Irish Nationwide (IOM) operates in the Isle of Man.
I assume you're referring to the latter, which operates sterling deposits.
Neither of these is covered by the FSCS, as they do not operate in the jurisdiction of the FSA. The IoM operates its own deposit protection scheme, which has recently been amended to be up to £50k IIRC, but is somewhat flakier than the UK protection (see http://www.ksfiomdepositors.org/).0 -
According to the Financial Times, the Irish Nationwide is in the doo-doo.
The controversial chief executive, Michael "Fingers" Fingleton is resigning from the Society. With a "shell shocking" 2008 report due shortly, his resignation is timely....
From the FT, April 3, 2009 - "Irish Nationwide chief to retire":Fingleton, a 71-year old former barrister..and native of County Roscommon..transformed the Irish Nationwide from a building society focused on residential loans to a specialist property lender, with three-quarters of its loan book in commercial lending.

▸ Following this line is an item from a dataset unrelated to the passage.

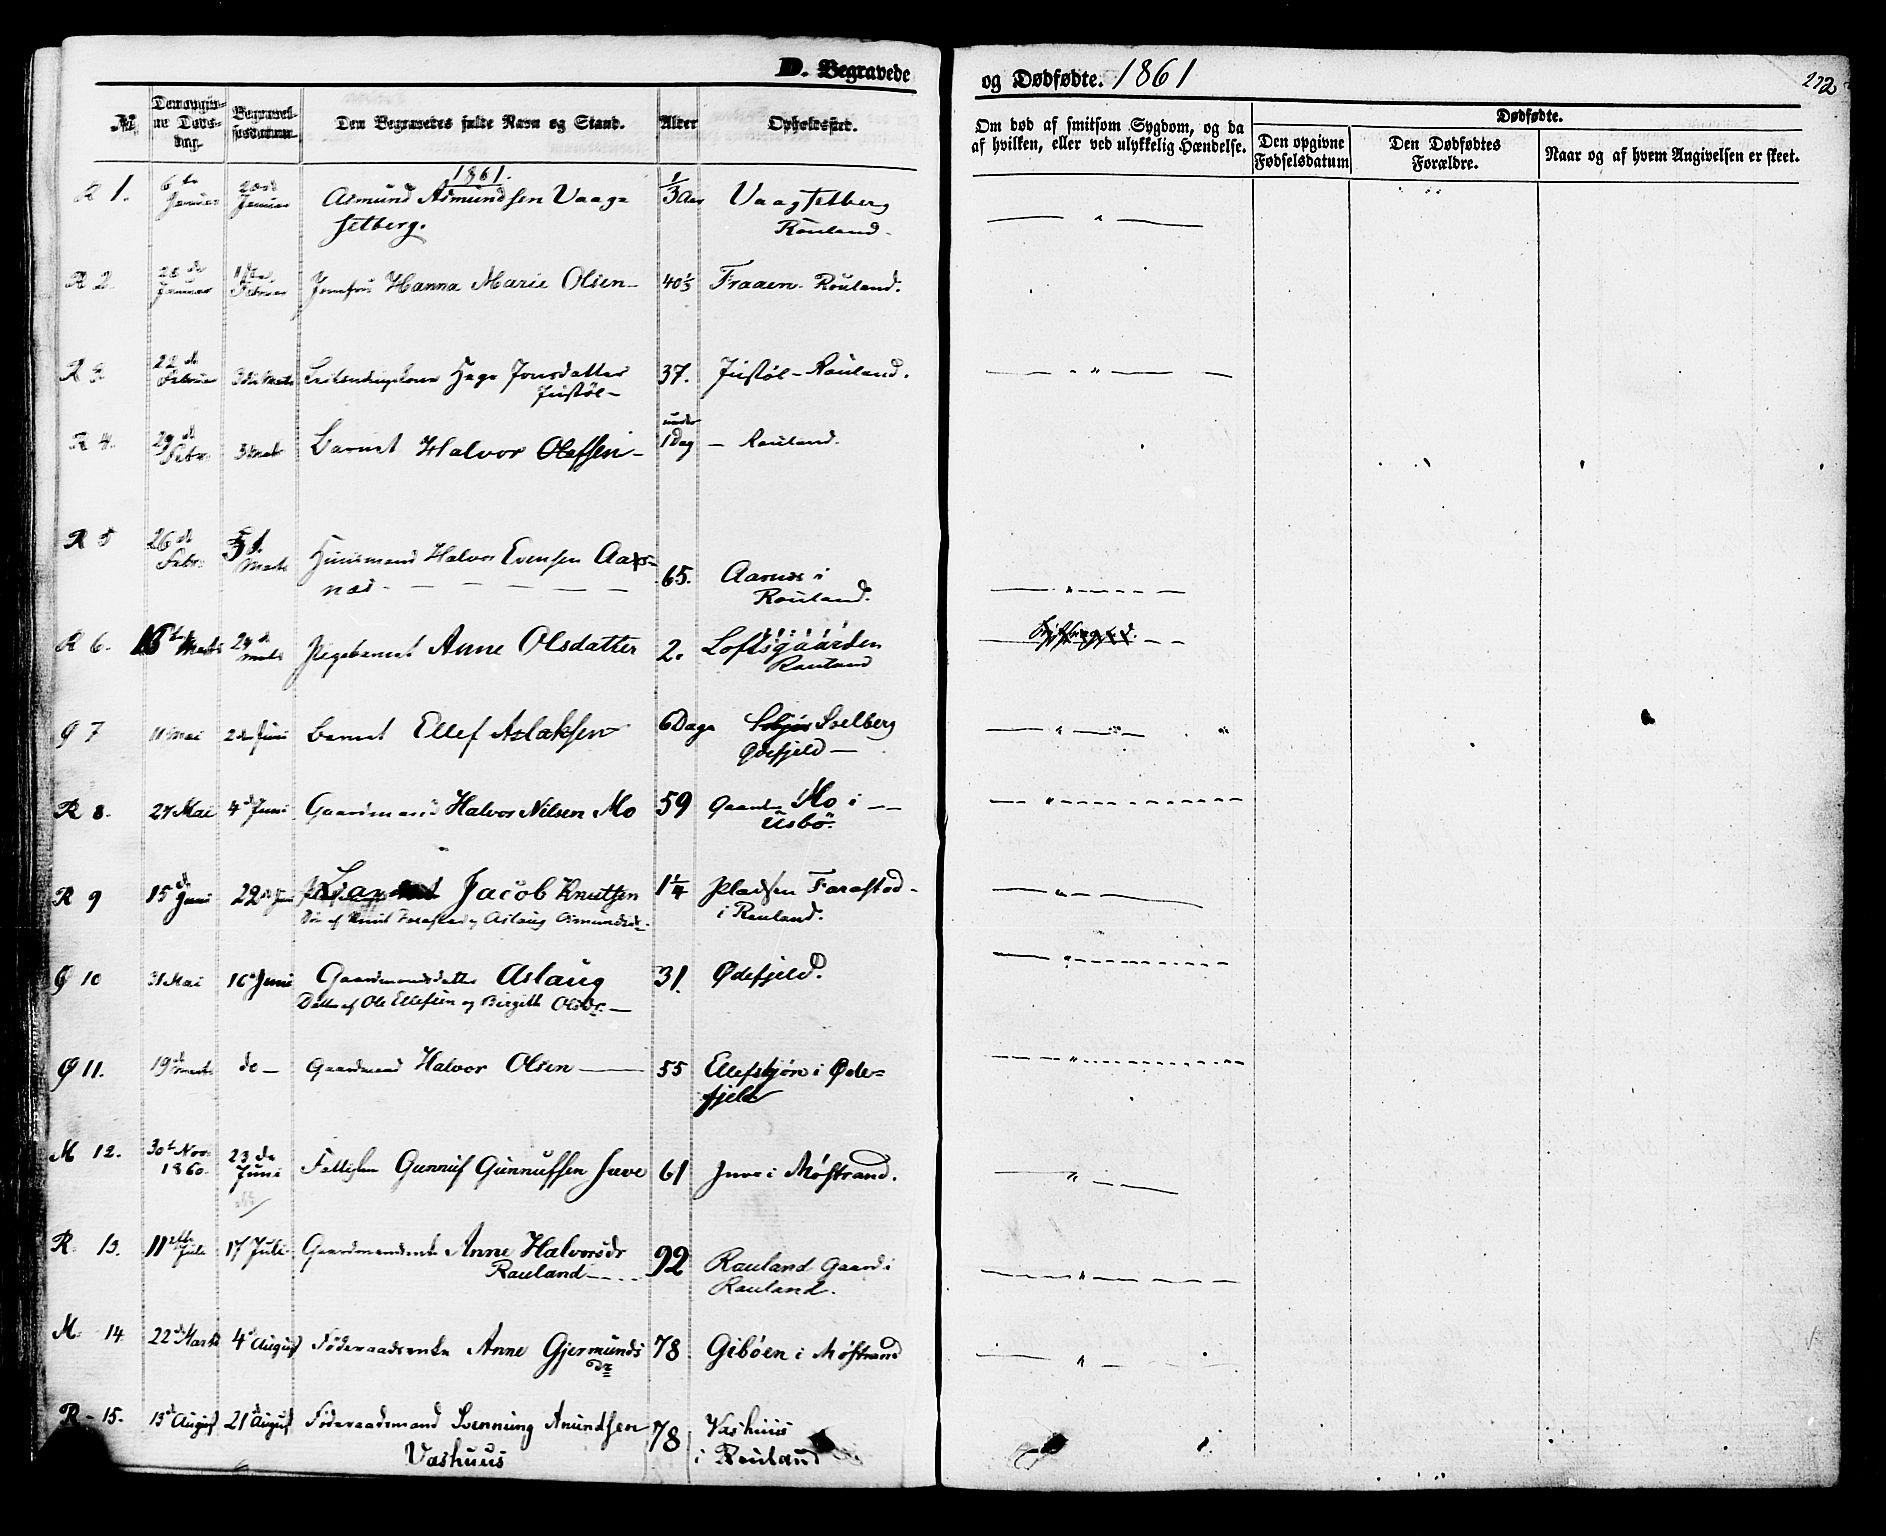 SAKO, Rauland kirkebøker, F/Fa/L0003: Ministerialbok nr. 3, 1859-1886, s. 272

Irish Nationwide has perhaps the most toxic loan book of any mutual. Avoid at all cost....0 -
From the Irish Independent (April 3, 2009)Irish Nationwide has written off hundreds of millions in loans to property developers.
"The investment bank JP Morgan believes that it may have to write off €1.35bn (11pc) of its loan book and may need a bailout of €900m.
"But in all the talk of money that surrounds Mr Fingleton and the society, one point seems to have gone missing.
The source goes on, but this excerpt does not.